Most Native people have heard this question. Short for the Gathering of Nations, the “Gathering” is the largest powwow in North America—one of few pan-Indian cultural fixtures shared by nearly every indigenous group on the continent. Thousands of people from hundreds of tribal nations show up in Albuquerque each year to experience it.
Unlike a traditional powwow, where no commercialization is involved, the Gathering is a contest powwow. More than a display of culture, it is a massive, showy, fiercely competitive athletic event. Dancers are divided into age groups and categories like jingle, fancy, grass, and traditional, and are judged based on style, rhythm, intricacy of regalia, and creativity. Competitors are eligible to win thousands in prize money. For many, powwow dancing is their livelihood, a source of joy and community that also puts food on the table.
It is precisely because of the Gathering’s community-focused nature that the event stirred up controversy this year when its organizers announced a partnership with a new title sponsor: a cannabis company.

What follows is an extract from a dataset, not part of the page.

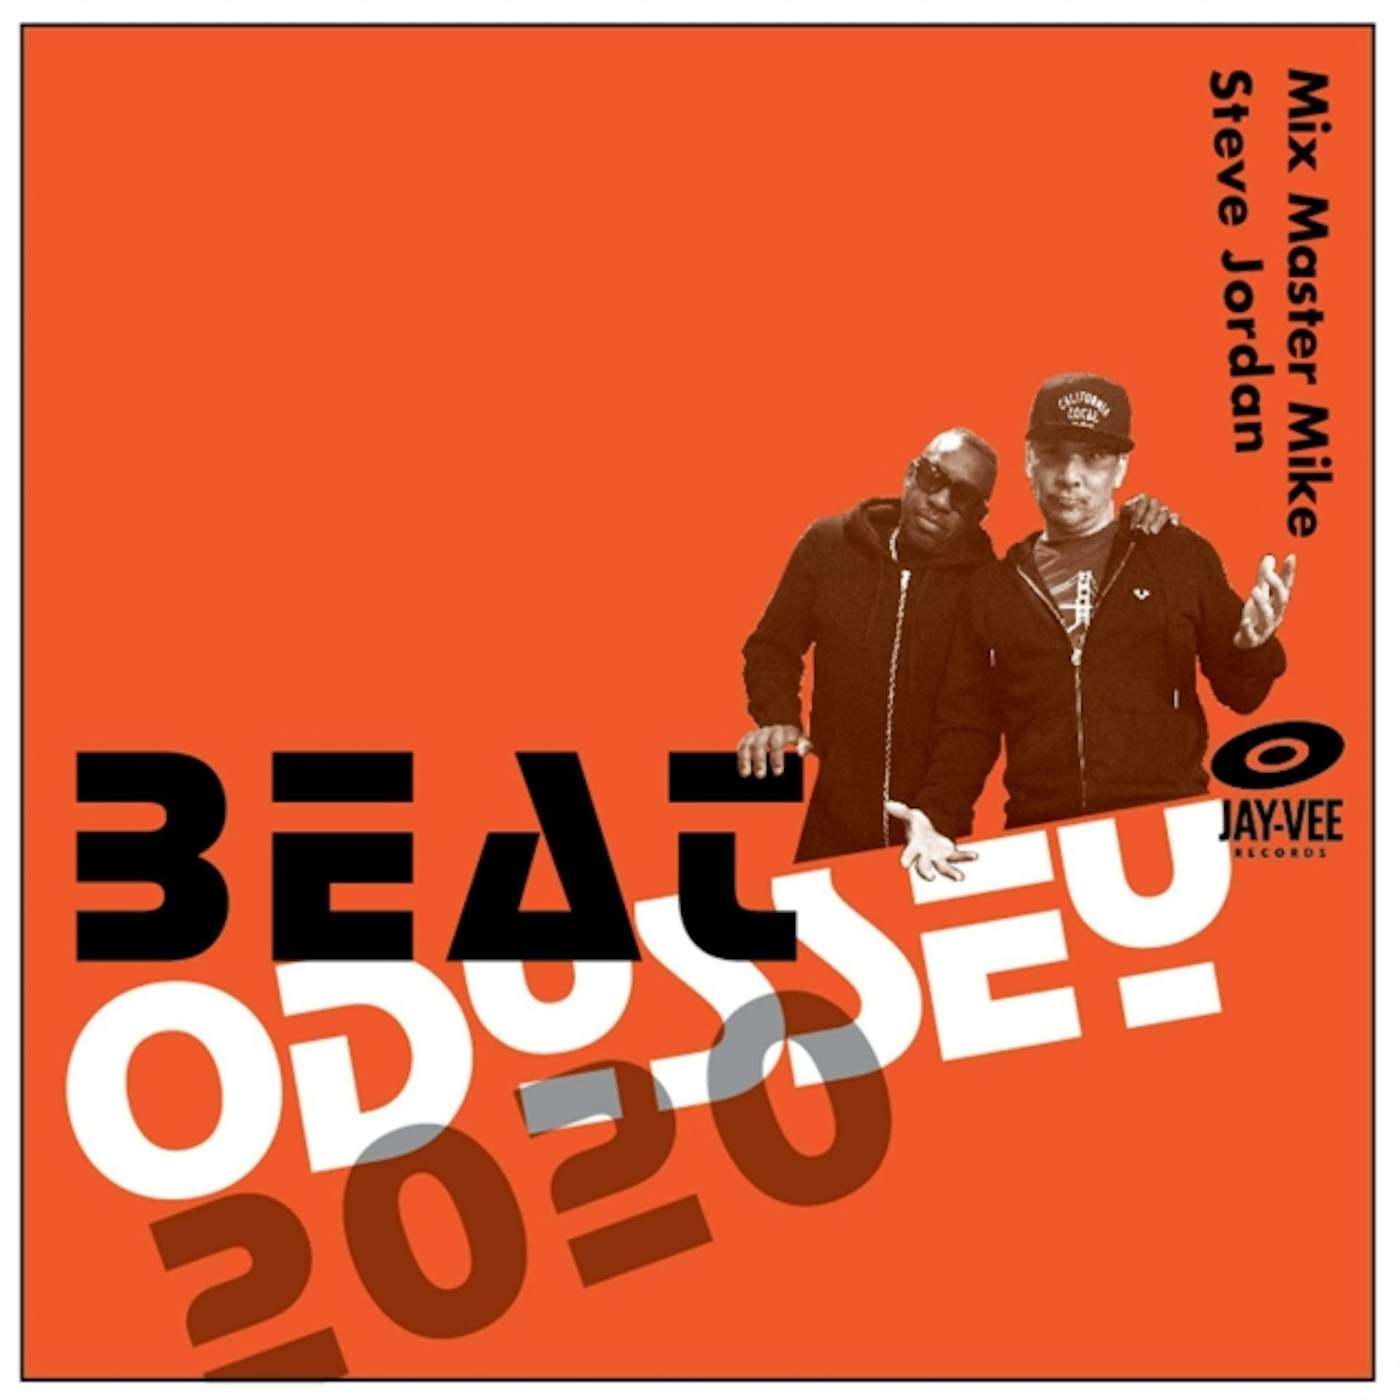 Mix Master Mike / Steve Jordan BEAT ODYSSEY 2020 Vinyl Record

A chain of dispensaries called UltraHealth is now in a five-year contract with the Gathering as their primary funding source. The deal earned the event a new nickname: the pot powwow.
UltraHealth’s monetary support might be exactly what the Gathering needs to keep the beloved event up and running. Still, many are skeptical of the company’s intentions. Does marijuana—medical or otherwise—belong at a family event like a powwow?
Duke Rodriguez, the CEO of UltraHealth, believes that the cannabis industry is a way out of economic deprivation for tribal nations, many of which have struggled for generations with high rates of unemployment and poverty. In 2014, the Justice Department made it so that all tribal nations have a right to legalize growing and selling of marijuana if they want to, so Rodriguez now dreams of building marijuana growing and distribution enterprises across Indian country. On wide-open reservation lands where some outsiders see a whole lot of nothing, Rodriguez sees an opportunity to strike a competitive advantage.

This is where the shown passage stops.